Use basic proportionality theorem

$\\ \sf\longmapsto \dfrac{AD}{DC}=\dfrac{BE}{AC}$

$\\ \sf\longmapsto \dfrac{2x}{x+3}=\dfrac{2x-1}{x}$

• Use cross multiplication

$\\ \sf\longmapsto 2x^2=(2x-1)(x+3)$

$\\ \sf\longmapsto 2x^2=2x(x+3)-1(x+3)$

$\\ \sf\longmapsto 2x^2=2x^2+6x-x-3$

$\\ \sf\longmapsto 2x^2-2x^2=5x-3$

$\\ \sf\longmapsto 5x-3=0$

$\\ \sf\longmapsto 5x=3$

$\\ \sf\longmapsto x=\dfrac{3}{5}$

Answer 2

$\huge \boxed{\mathbb{QUESTION} \downarrow}$

• Find the value of x.

$\large \boxed{\mathbb{ANSWER\: WITH\: EXPLANATION} \downarrow}$

Given,

• DE || AB
• AD = 2x
• CD = x + 3
• BE = 2x - 1
• CE = x

Value of x (CE) = ?

__________________

We can solve this question using the Basic Proportionality Theorem (BPT).
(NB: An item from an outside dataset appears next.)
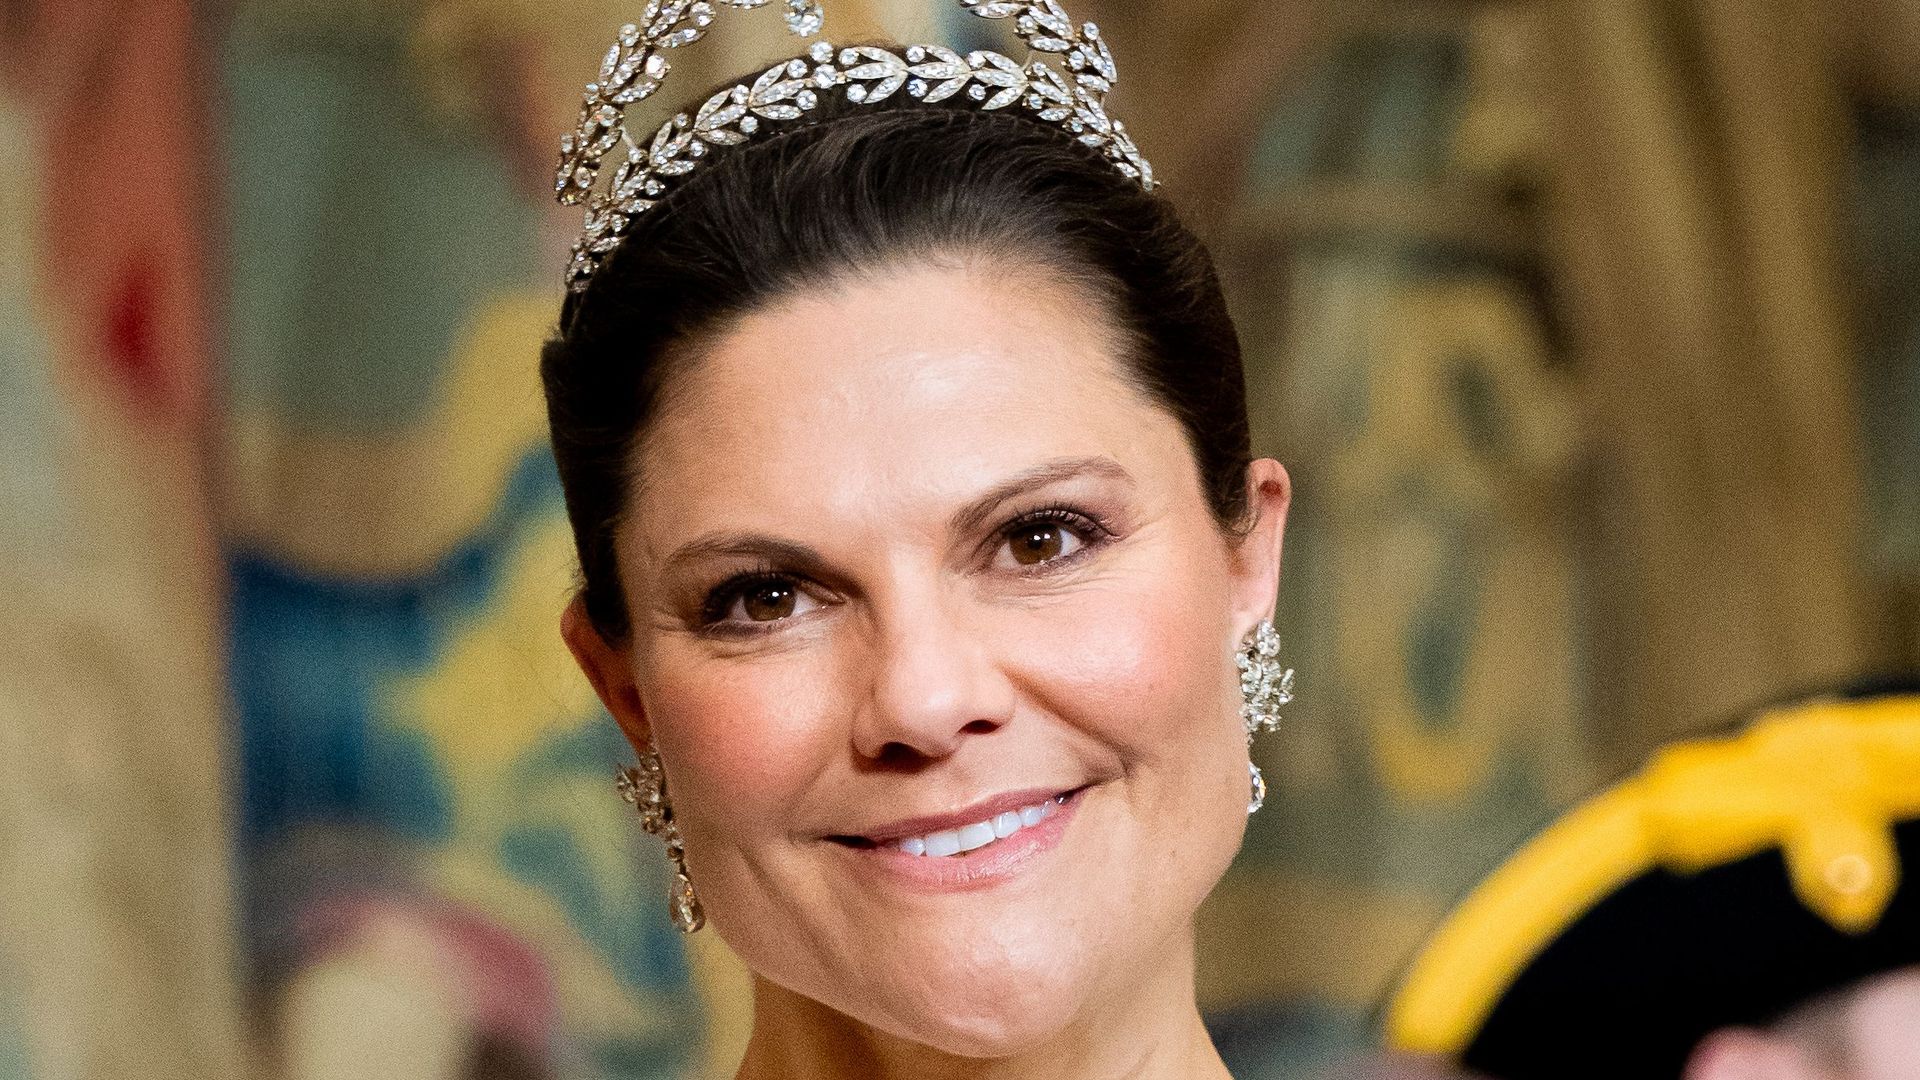 Crown Princess Victoria is picture-perfect in regal feathered look with heirloom tiara
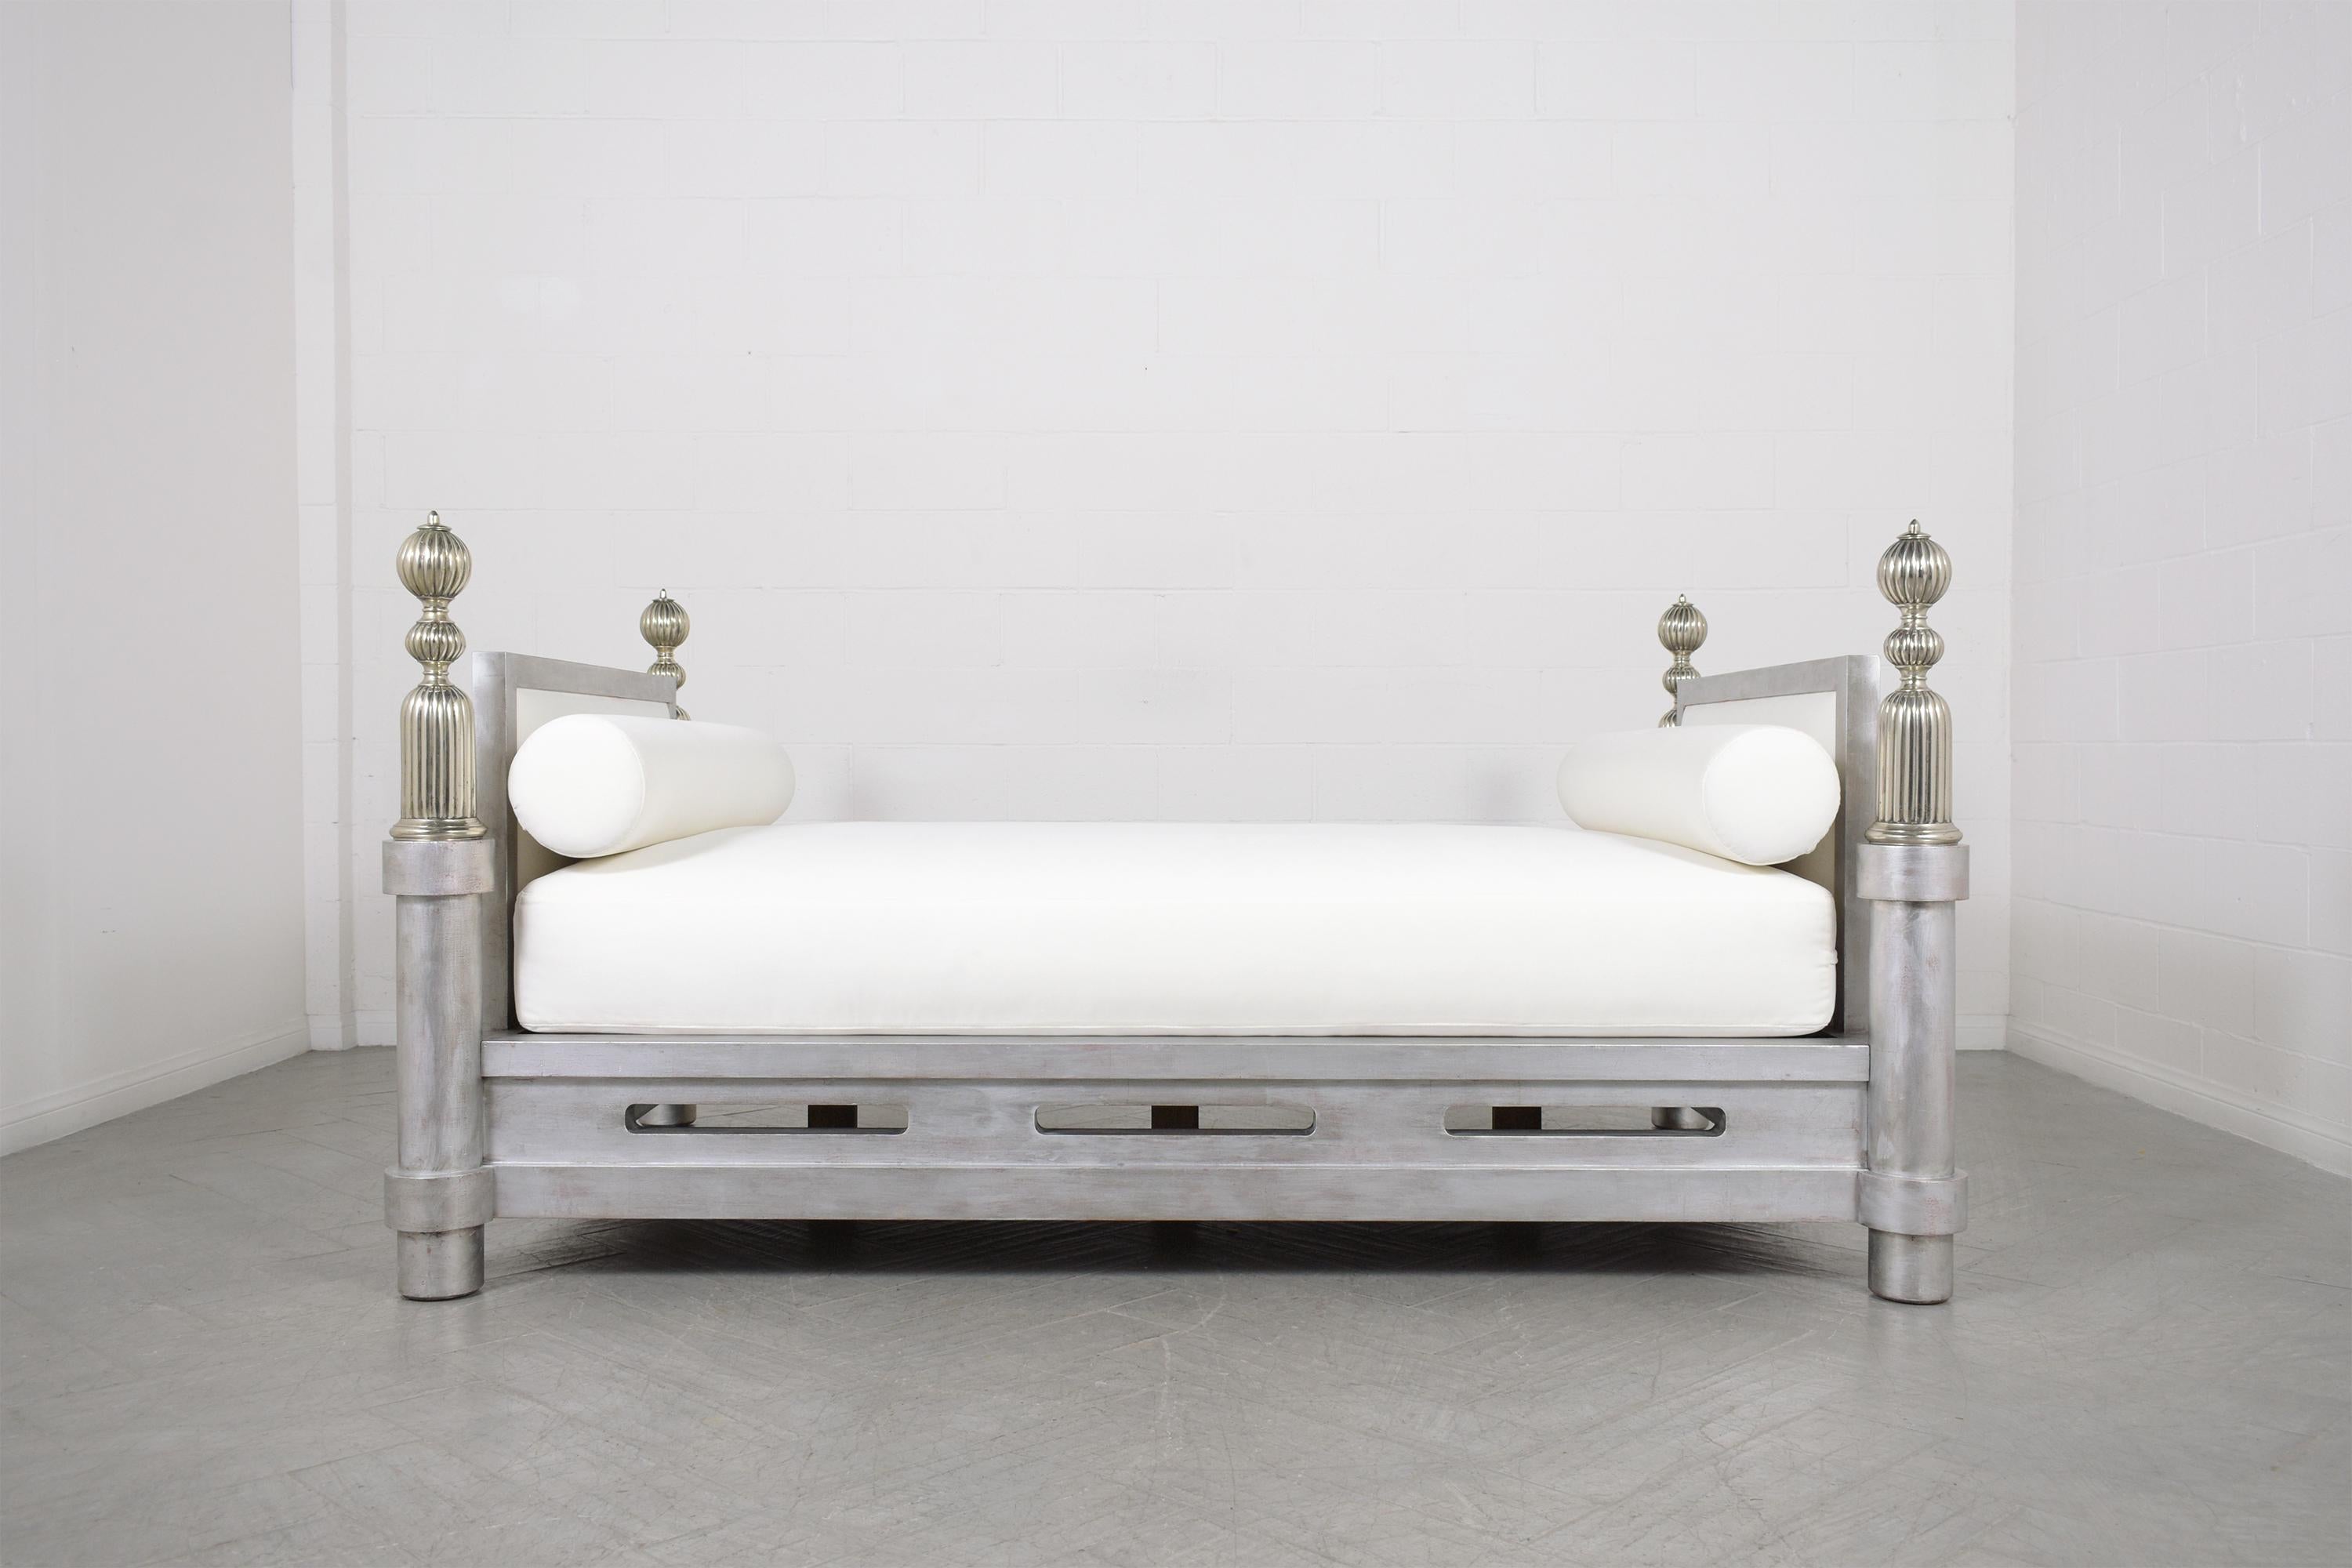 Italian Hand-Crafted Regency-Style Daybed: Vintage Elegance & Contemporary Aesthetics For Sale

According to BPT, if a line is drawn parallel (||) to 1 side of a triangle to intersect the other 2 sides in 2 distinct points then the other 2 sides will be divided in the same ratio.

__________________

So in this triangle,

$\tt\frac{CD}{AD} = \frac{CE}{BE}$

Then,

$\tt \frac{x + 3}{2x} = \frac{x}{2x - 1} \\ \\ \sf \: Using \: cross \: multiplication.... \\ \\ \tt \: x + 3(2x - 1) = x(2x) \\ \tt \: x(2x - 1) + 3(2x - 1) = {2x}^{2} \\ \tt \: {2x}^{2} - x + 6x - 3 = {2x}^{2} \\ \\ \sf Cancel \: out \: 2 {x}^{2} \: from \: both \: the \: sides \\ \\ \tt \: - x + 6x - 3 = 0 \\ \tt \: - x + 6x = 3 \\ \tt \: 5x = 3 \\ \large\boxed{\boxed{\bf \: x = \frac{3}{5} }}$

__________________

• The value of x will be 3/5 (option b.)